• Exercise goal:
Each record below needs to be written out exactly as it reads.

• Provided data:
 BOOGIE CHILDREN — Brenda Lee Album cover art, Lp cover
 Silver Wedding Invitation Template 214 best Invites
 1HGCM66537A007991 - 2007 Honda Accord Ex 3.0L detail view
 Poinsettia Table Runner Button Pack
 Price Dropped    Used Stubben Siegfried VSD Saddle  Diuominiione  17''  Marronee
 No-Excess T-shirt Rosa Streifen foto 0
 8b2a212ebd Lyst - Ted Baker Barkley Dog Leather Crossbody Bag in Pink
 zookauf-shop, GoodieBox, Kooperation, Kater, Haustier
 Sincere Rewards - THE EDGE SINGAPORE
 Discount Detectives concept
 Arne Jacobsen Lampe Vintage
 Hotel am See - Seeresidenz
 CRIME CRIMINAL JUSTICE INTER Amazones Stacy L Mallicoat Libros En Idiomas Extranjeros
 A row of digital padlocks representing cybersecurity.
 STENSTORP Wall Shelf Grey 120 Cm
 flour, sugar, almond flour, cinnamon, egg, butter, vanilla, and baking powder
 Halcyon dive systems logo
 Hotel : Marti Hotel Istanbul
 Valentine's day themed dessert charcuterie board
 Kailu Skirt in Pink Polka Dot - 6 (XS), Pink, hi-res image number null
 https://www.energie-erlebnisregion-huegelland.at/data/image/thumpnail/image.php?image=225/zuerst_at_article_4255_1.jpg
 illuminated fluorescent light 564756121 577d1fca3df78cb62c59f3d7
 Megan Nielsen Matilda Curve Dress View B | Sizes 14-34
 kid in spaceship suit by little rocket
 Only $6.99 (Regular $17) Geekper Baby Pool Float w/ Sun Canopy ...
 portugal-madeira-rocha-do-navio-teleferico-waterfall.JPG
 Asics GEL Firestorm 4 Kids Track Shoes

• Solution for this exercise:
 BOOGIE CHILDREN — Brenda Lee Album cover art, Lp cover
 Silver Wedding Invitation Template 214 best Invites
 1HGCM66537A007991 - 2007 Honda Accord Ex 3.0L detail view
 Poinsettia Table Runner Button Pack
 Price Dropped    Used Stubben Siegfried VSD Saddle  Diuominiione  17''  Marronee
 No-Excess T-shirt Rosa Streifen foto 0
 8b2a212ebd Lyst - Ted Baker Barkley Dog Leather Crossbody Bag in Pink
 zookauf-shop, GoodieBox, Kooperation, Kater, Haustier
 Sincere Rewards - THE EDGE SINGAPORE
 Discount Detectives concept
 Arne Jacobsen Lampe Vintage
 Hotel am See - Seeresidenz
 CRIME CRIMINAL JUSTICE INTER Amazones Stacy L Mallicoat Libros En Idiomas Extranjeros
 A row of digital padlocks representing cybersecurity.
 STENSTORP Wall Shelf Grey 120 Cm
 flour, sugar, almond flour, cinnamon, egg, butter, vanilla, and baking powder
 Halcyon dive systems logo
 Hotel : Marti Hotel Istanbul
 Valentine's day themed dessert charcuterie board
 Kailu Skirt in Pink Polka Dot - 6 (XS), Pink, hi-res image number null
 https://www.energie-erlebnisregion-huegelland.at/data/image/thumpnail/image.php?image=225/zuerst_at_article_4255_1.jpg
 illuminated fluorescent light 564756121 577d1fca3df78cb62c59f3d7
 Megan Nielsen Matilda Curve Dress View B | Sizes 14-34
 kid in spaceship suit by little rocket
 Only $6.99 (Regular $17) Geekper Baby Pool Float w/ Sun Canopy ...
 portugal-madeira-rocha-do-navio-teleferico-waterfall.JPG
 Asics GEL Firestorm 4 Kids Track Shoes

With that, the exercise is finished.